In India, the Ayurveda is traditional medicine that emphasizes plant-based treatments, hygiene, and balance in the body's state of being. Indian materia medica included knowledge of plants, where they grow in all season, methods for storage and shelf life of harvested materials. It also included directions for making juice from vegetables, dried powders from herb, cold infusions and extracts.[2]

The earliest Chinese manual of materia medica, the Shennong Bencao Jing (Shennong Emperor's Classic of Materia Medica), was compiled in the 1st century AD during the Han dynasty, attributed to the mythical Shennong. It lists some 365 medicines, of which 252 are herbs. Earlier literature included lists of prescriptions for specific ailments, exemplified by the Recipes for Fifty-Two Ailments found in the Mawangdui tomb, which was sealed in 168 BC. Succeeding generations augmented the Shennong Bencao Jing, as in the Yaoxing Lun (Treatise on the Nature of Medicinal Herbs), a 7th-century Tang dynasty treatise on herbal medicine.

Galen was a philosopher, physician, pharmacist and prolific medical writer. He compiled an extensive record of the medical knowledge of his day and added his own observations. He wrote on the structure of organs, but not their uses; the pulse and its association with respiration; the arteries and the movement of blood; and the uses of theriacs. "In treatises such as On Theriac to Piso, On Theriac to Pamphilius, and On Antidotes, Galen identified theriac as a sixty-four-ingredient compound, able to cure any ill known".[4] His work was rediscovered in the 15th century and became the authority on medicine and healing for the next two centuries.
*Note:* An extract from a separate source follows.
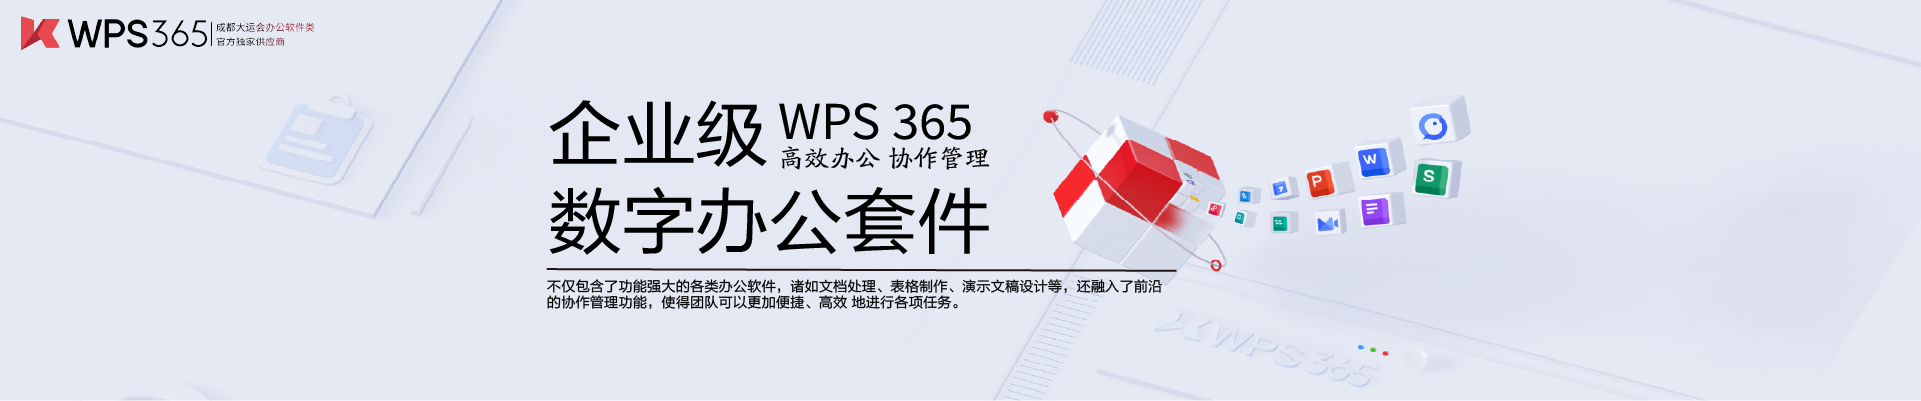 wps365
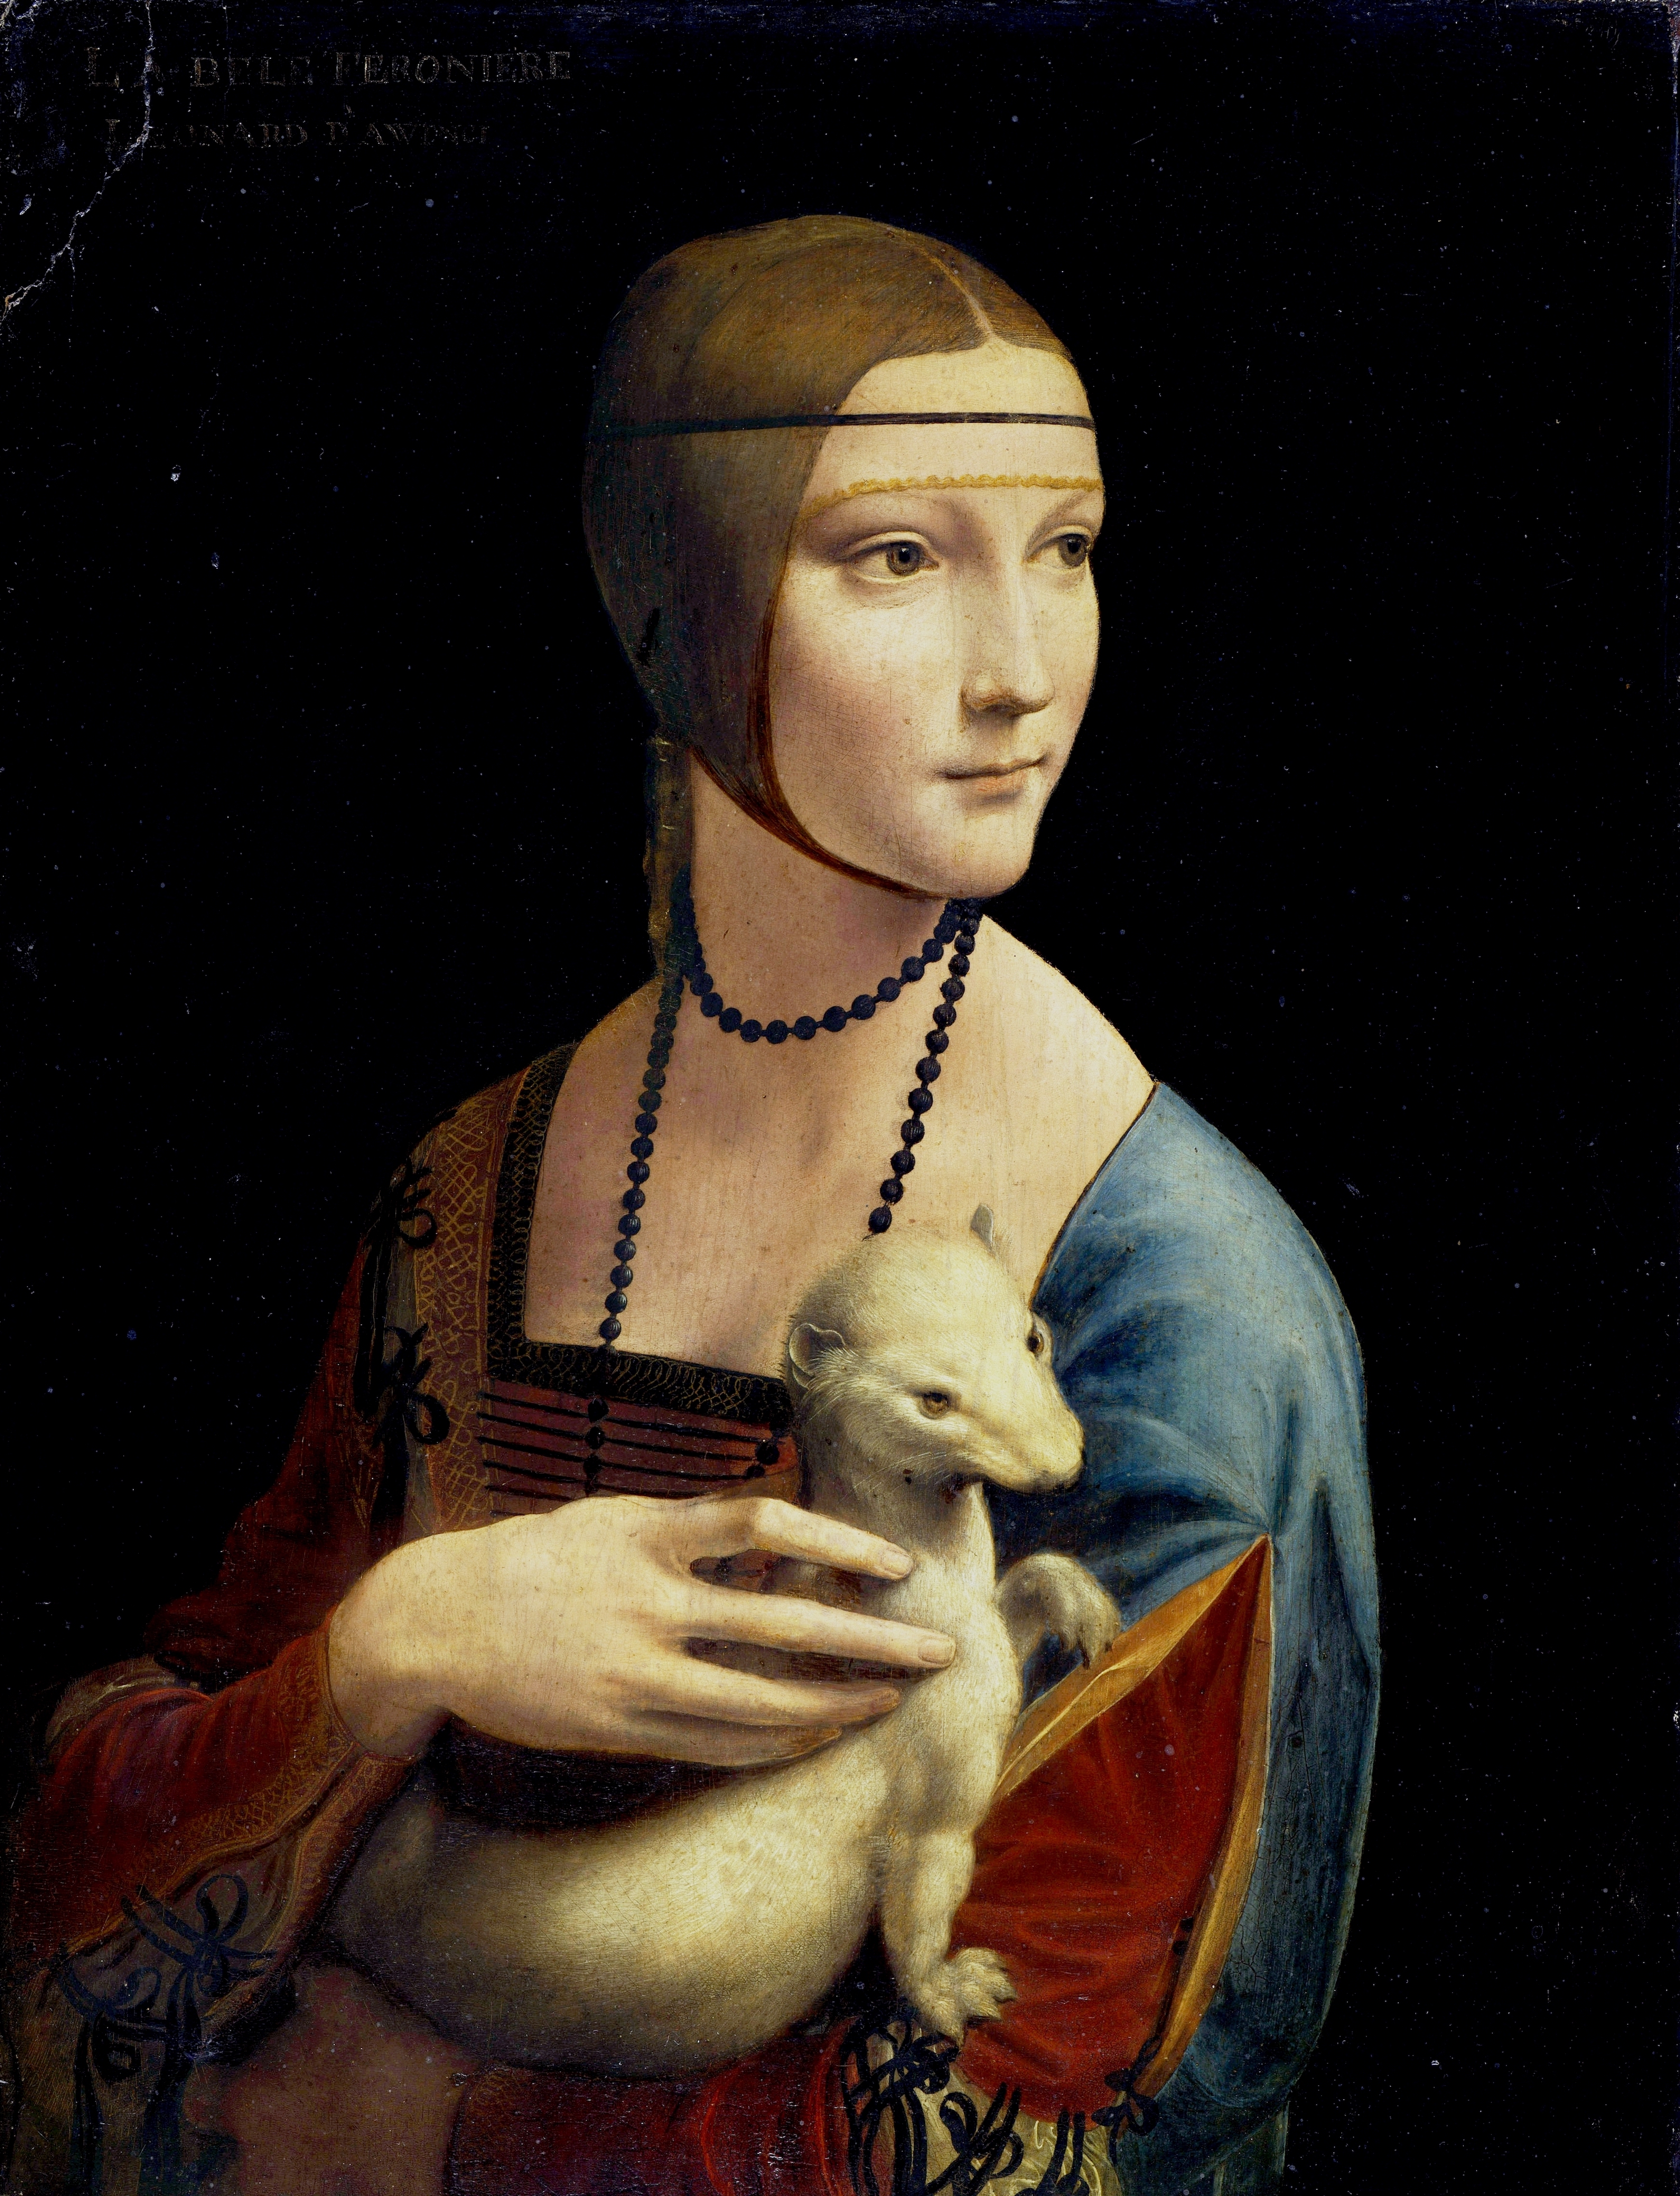 Lady with an Ermine by Leonardo da Vinci - 1489-1490 - 54 × 39 cm National Museum in Krakow

His medicine was based on the regulation of the four humors (blood, phlegm, black bile, and yellow bile) and their properties (wet, dry, hot, and cold).[5]

The Greek physician Pedanius Dioscorides, of Anazarbus in Asia Minor, wrote a five-volume treatise concerning medical matters, entitled    in Greek or De materia medica in Latin. This famous commentary covered about 600 plants along with therapeutically useful animal and mineral products. It documented the effects of drugs made from these substances on patients. De materia medica was the first extensive pharmacopeia, including about a thousand natural product drugs (mostly plant-based), 4,740 medicinal usages for drugs, and 360 medical properties (such as antiseptic, anti-inflammatory, stimulant). The book was heavily translated, and portrayed some of the emblematic actions of physicians and herbalists. One such page is Physician Preparing an Elixir.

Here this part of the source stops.